Daniel Hojnacki

For a brief moment I wanted to playfully yet systematically create parameters for myself in the landscape. I constructed vestiges of my moving body using vinyl flagging tape to map the temporary artificial boundary I placed myself within. Curious of what the natural environment would look like as a briefly constructed form, I used the spaces between branches, trunks of trees, the bottom of the arroyo to it’s top and the stones buried in it’s basin. I wanted to, if only for a moment, demarcate my passage, revealing it through my mark making with the graphic vinyl tape. I then dismantled and left the space to document the seemingly absent and erased trace of my past self. I was curious as to what the visibility of subtle distance may have been between the growth of two trees , between a stone or to the top of an eroding arroyo, making apparent the scale of a natural space through feeble and inconsequential attempts of mapping my movement through the landscape. These constructions were like minimal drawing exercises to try and reveal unseen distances I climbed or walked within these moments of occupying a space.

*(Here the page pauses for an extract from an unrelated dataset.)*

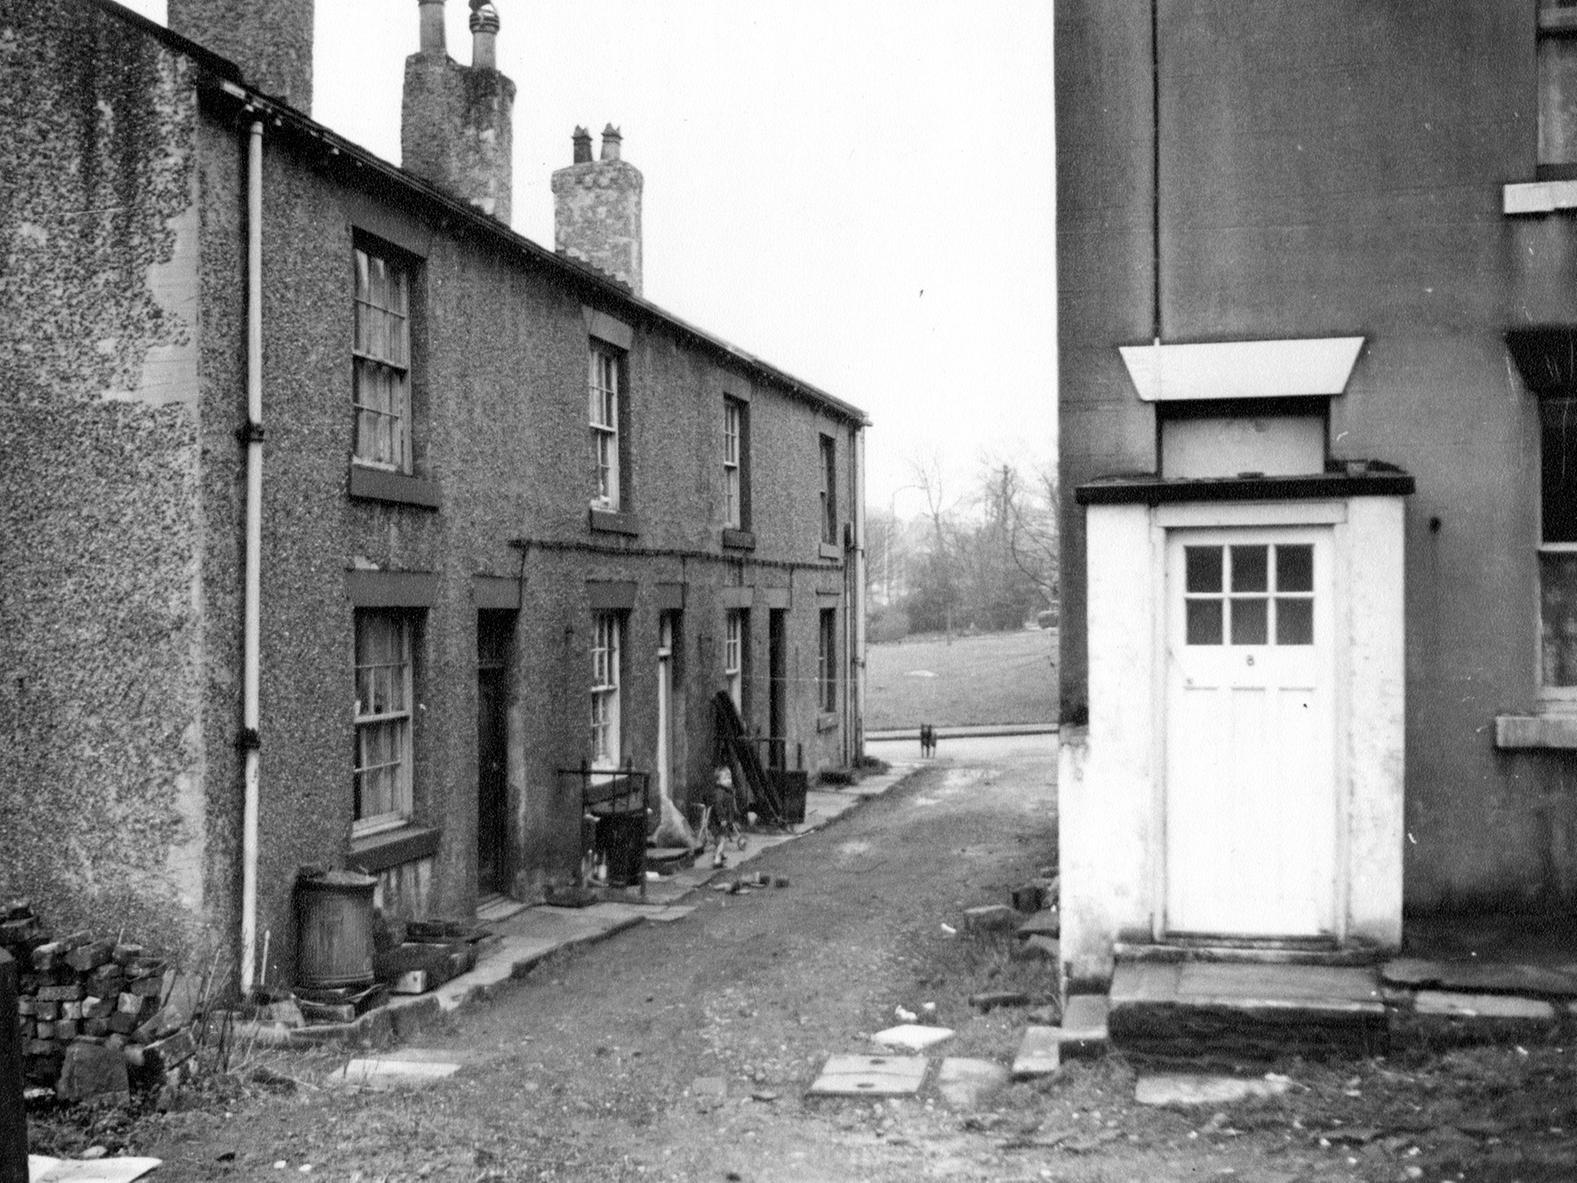 A view looking on to Mill Lane. Unmade access to houses on the left. Some are back-to-back while the one actually on Mill Lane is a through terrace. A small boy and a dog can be seen outside the houses.

My interest in using vinyl flagging tape comes from seeing it left about in the landscape. Used as trail markers, and by land surveyors to mark a point of measurement, as well as in other forms of demarcating boundary lines. These pieces of vinyl tape left by someone are often used to help guide another through a particular area, to assist in their orientation. They read to me like small messages, seemingly unimportant, but may hold some meaning to the unknown person’s profession, a small trace of conversation from one to another in the land. I find myself photographing them often when I am hiking, biking, etc.

Daniel Hojnacki

A continuation of building transportation, looking back while looking forward, what has changed? What has stayed the same? (Laying tracks for a Railroad, from the WHEELS Museum & The BIG-I)
A playful gesture of measuring a moment of space I contained & filled at the Bosque briefly

DANIEL HOJNACKI

The body and the boundaries are not so static 
They shimmer and move, chatter with rusted steel touch
Sticking their heads out from beneath the dirt and dust you’ve been kicking over them
Someone is looking out for you out there 
Another body
Always was another body before yours
That touched these bleached bounds
The same as your white bones 
Of air encased in numerous unknown formations awaiting repair
Can you stitch a breath of forgetfulness together?
The same as you and your body, bounded by your own memory 
Limited, has corners, you turn and re-orient, get frustrated
Possessing your space 
Positioned in the presence of permeating persistent memory
 

Can you own the stone below that which bounds it?
If they were to teach one another to talk to each other 
Would you listen then? 

Thank you stranger for orienting me in this space
Although I may still feel lost, at least I know where I am now 
Sometimes

It was ambiguous they said when defining the Elena Gallegos grant for they didn’t know what “sierra” meant. It wasnt until many years later when re measuring the bounds of the tract of land did they find out it actually meant the crest of the Sandias. And that was a long way from where the fence line landed that day. Or the days before and the ones before that. It’s said it still looks much the way it did in 1679, but does it feel the same? Does it speak the same dialect or language it once did? There are claims that hidden off a trail in the Sandia Mountain lies buried a stone with a deep cross etched within it representing the boundary marker left by a Spanish lieutenant marking the boundary of the Sandia Pueblo from the late 1700’s. Buried. That would have meant somewhere up to almost 10,000 acres, an area of about 15 square miles well into the mountains of the Sandias. When you look out from the sierra today, you can see the defined line of the Pueblo butting no further up to the foothills across the arid dry valley. A headstone of the past dictating what was once and is no longer, an epitaph more than a boundary. Laid to rest. If we taught this stone to talk, if only we taught them words, what could we learn from them today? Vaguely, always vaguely remembered, it’s amazing how memory can play that cruel trick on the mind of forgetfulness at the most timely of times. Or maybe we choose to forget and let interpretation take place for history. Who atones for their sins? Is it the hang gliders, the icarus climbing toward the sun, maybe to take that too with them on their way down? Is there a boundary etched in the stars? Is it truly too late to redraw the bounds that bind us, too late to atone for those sins?